- _SUPPLIED INFORMATION_
○ ○ ○

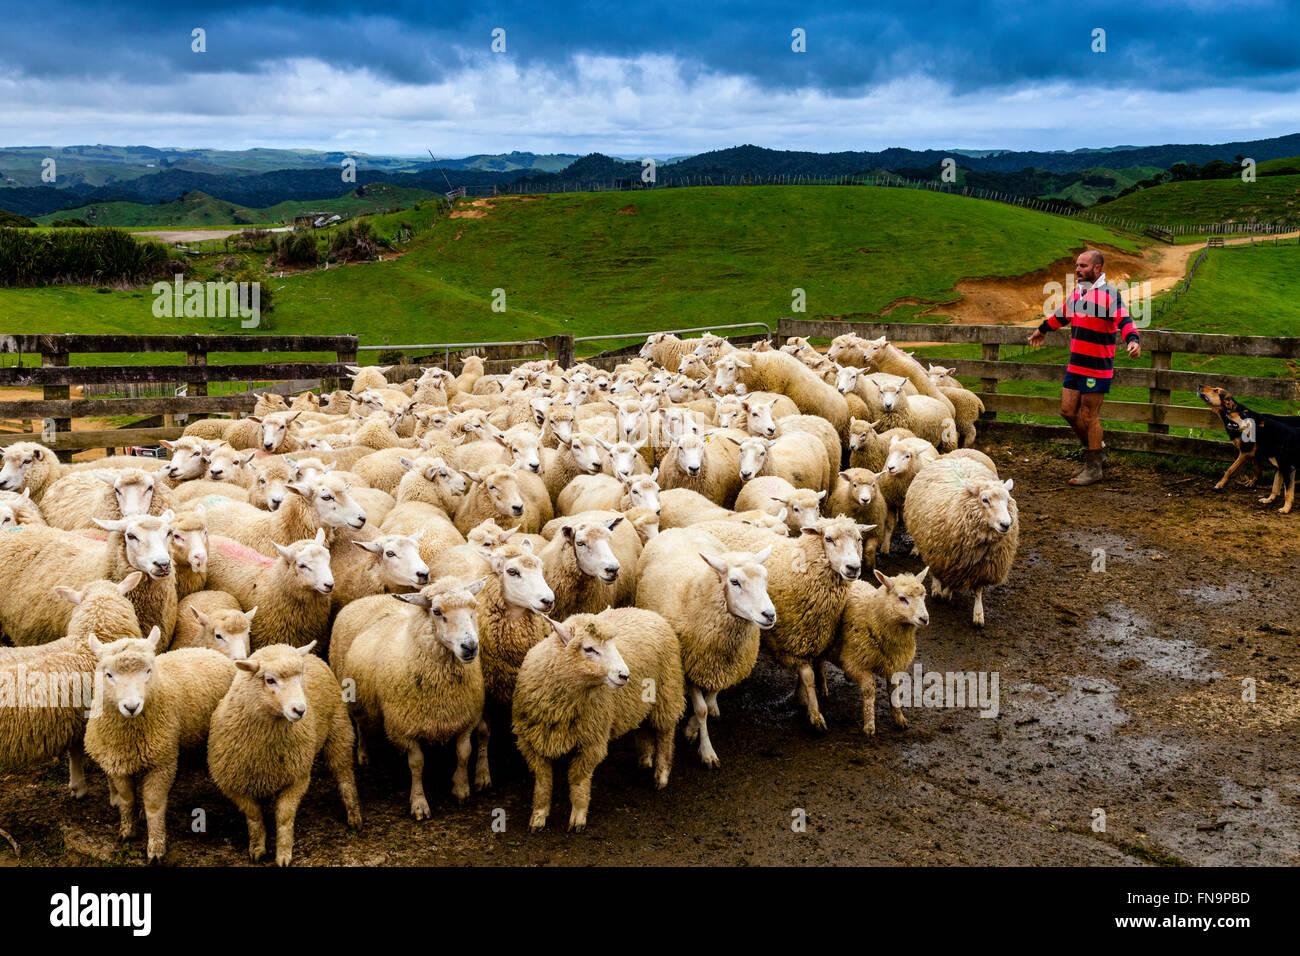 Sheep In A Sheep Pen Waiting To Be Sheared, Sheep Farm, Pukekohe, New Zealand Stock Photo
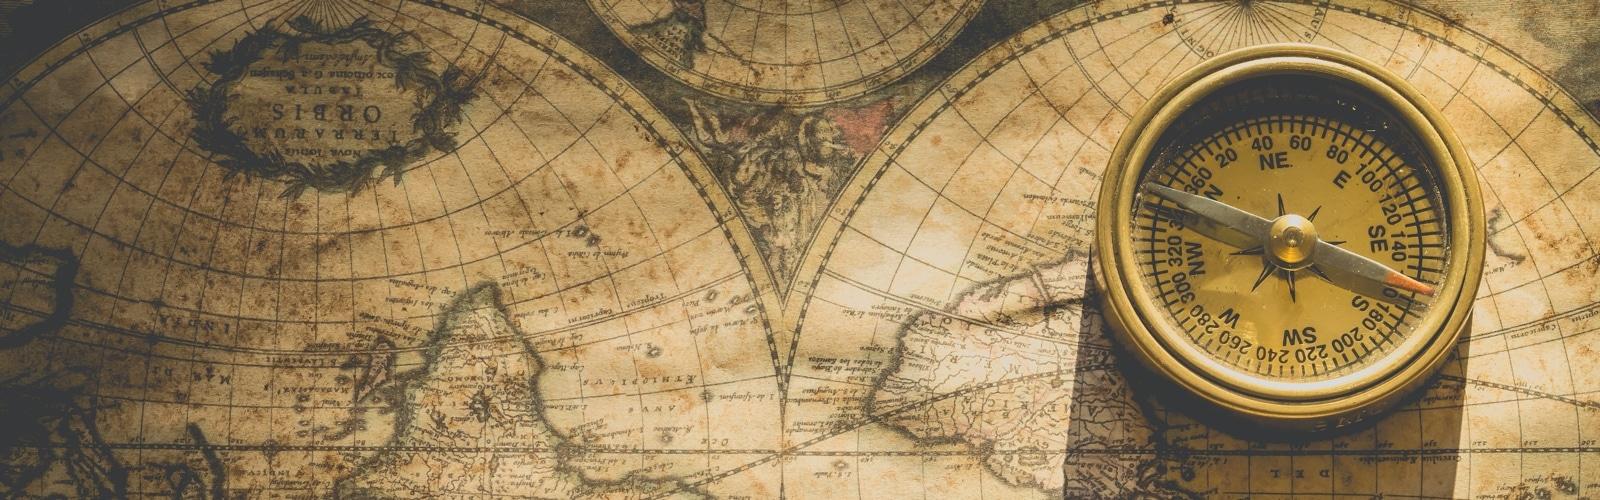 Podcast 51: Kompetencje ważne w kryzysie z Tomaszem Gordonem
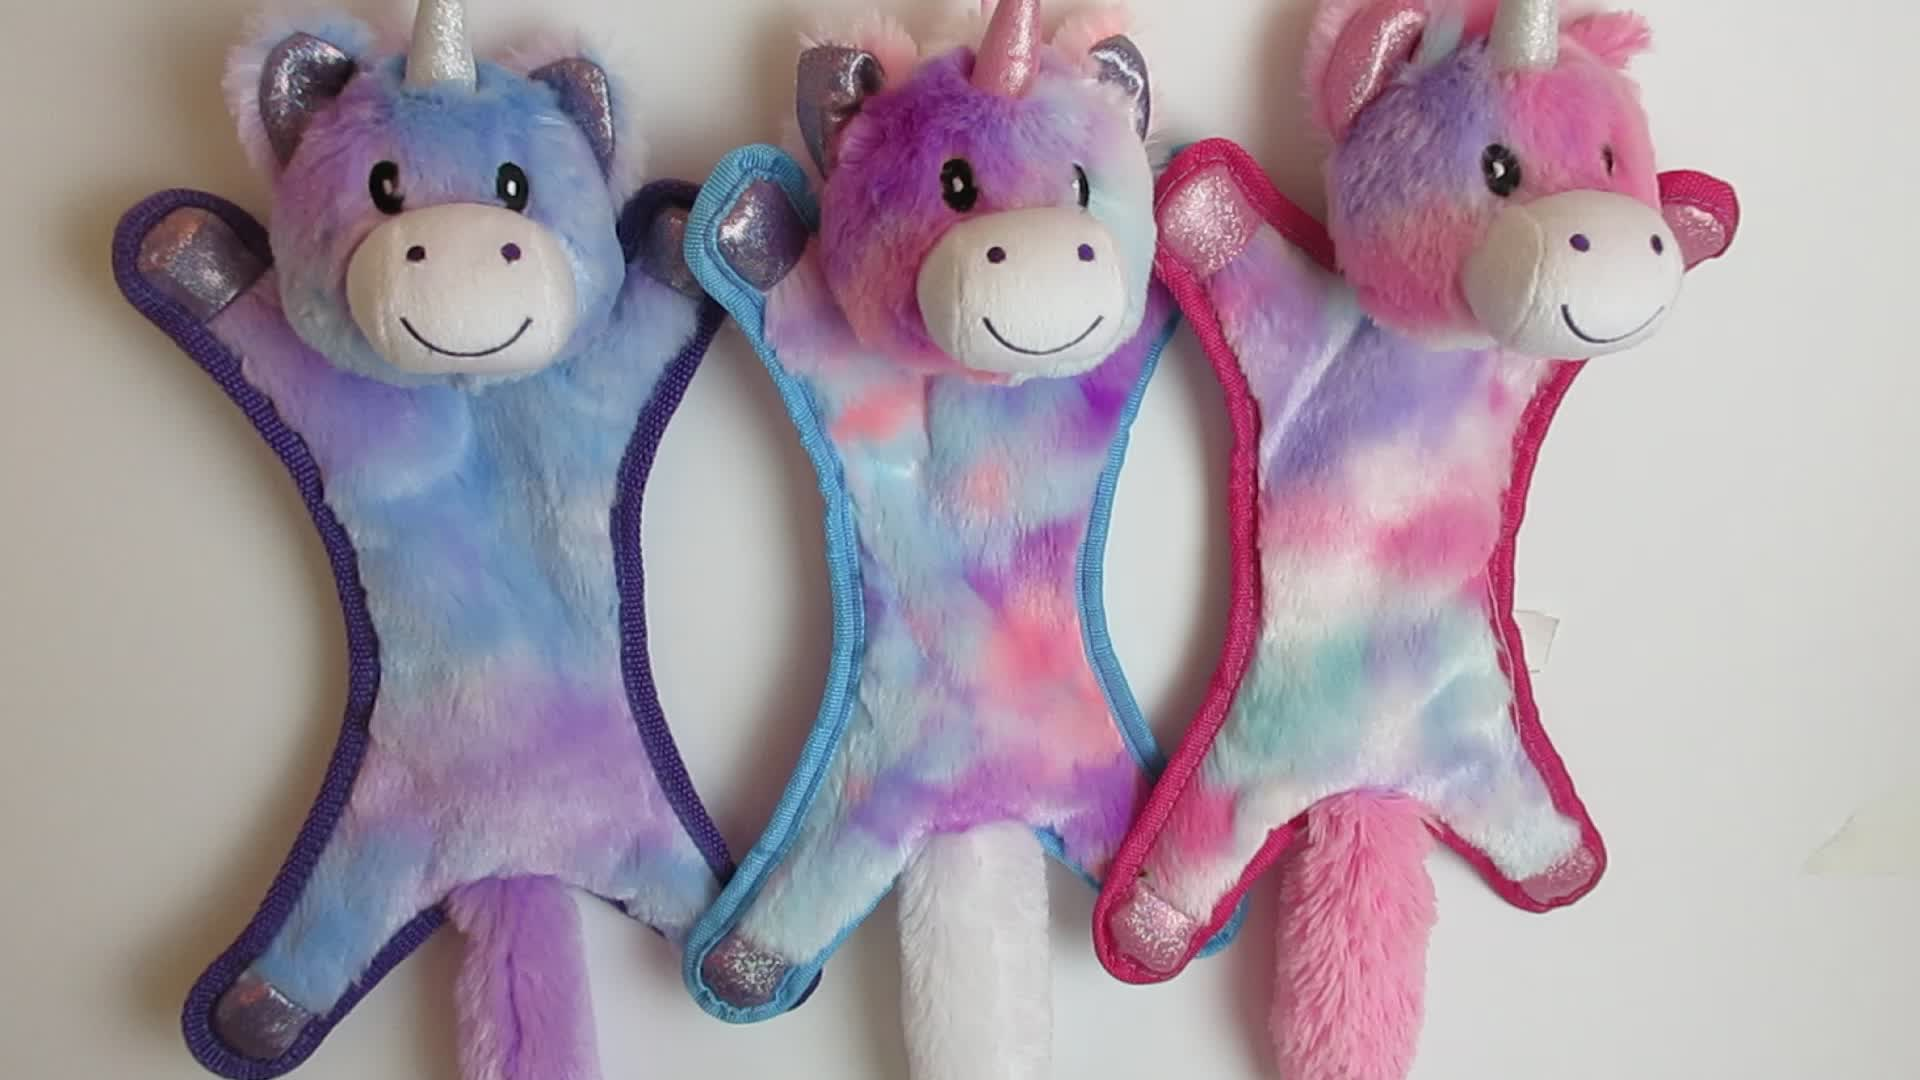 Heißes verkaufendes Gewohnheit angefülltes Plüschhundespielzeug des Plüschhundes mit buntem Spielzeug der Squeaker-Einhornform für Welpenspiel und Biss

○ ○ ○

Output the listing word for word. Drop the pictures.

- _EXPECTED ANSWER_
 Sheep In A Sheep Pen Waiting To Be Sheared, Sheep Farm, Pukekohe, New Zealand Stock Photo
 Podcast 51: Kompetencje ważne w kryzysie z Tomaszem Gordonem
 Heißes verkaufendes Gewohnheit angefülltes Plüschhundespielzeug des Plüschhundes mit buntem Spielzeug der Squeaker-Einhornform für Welpenspiel und Biss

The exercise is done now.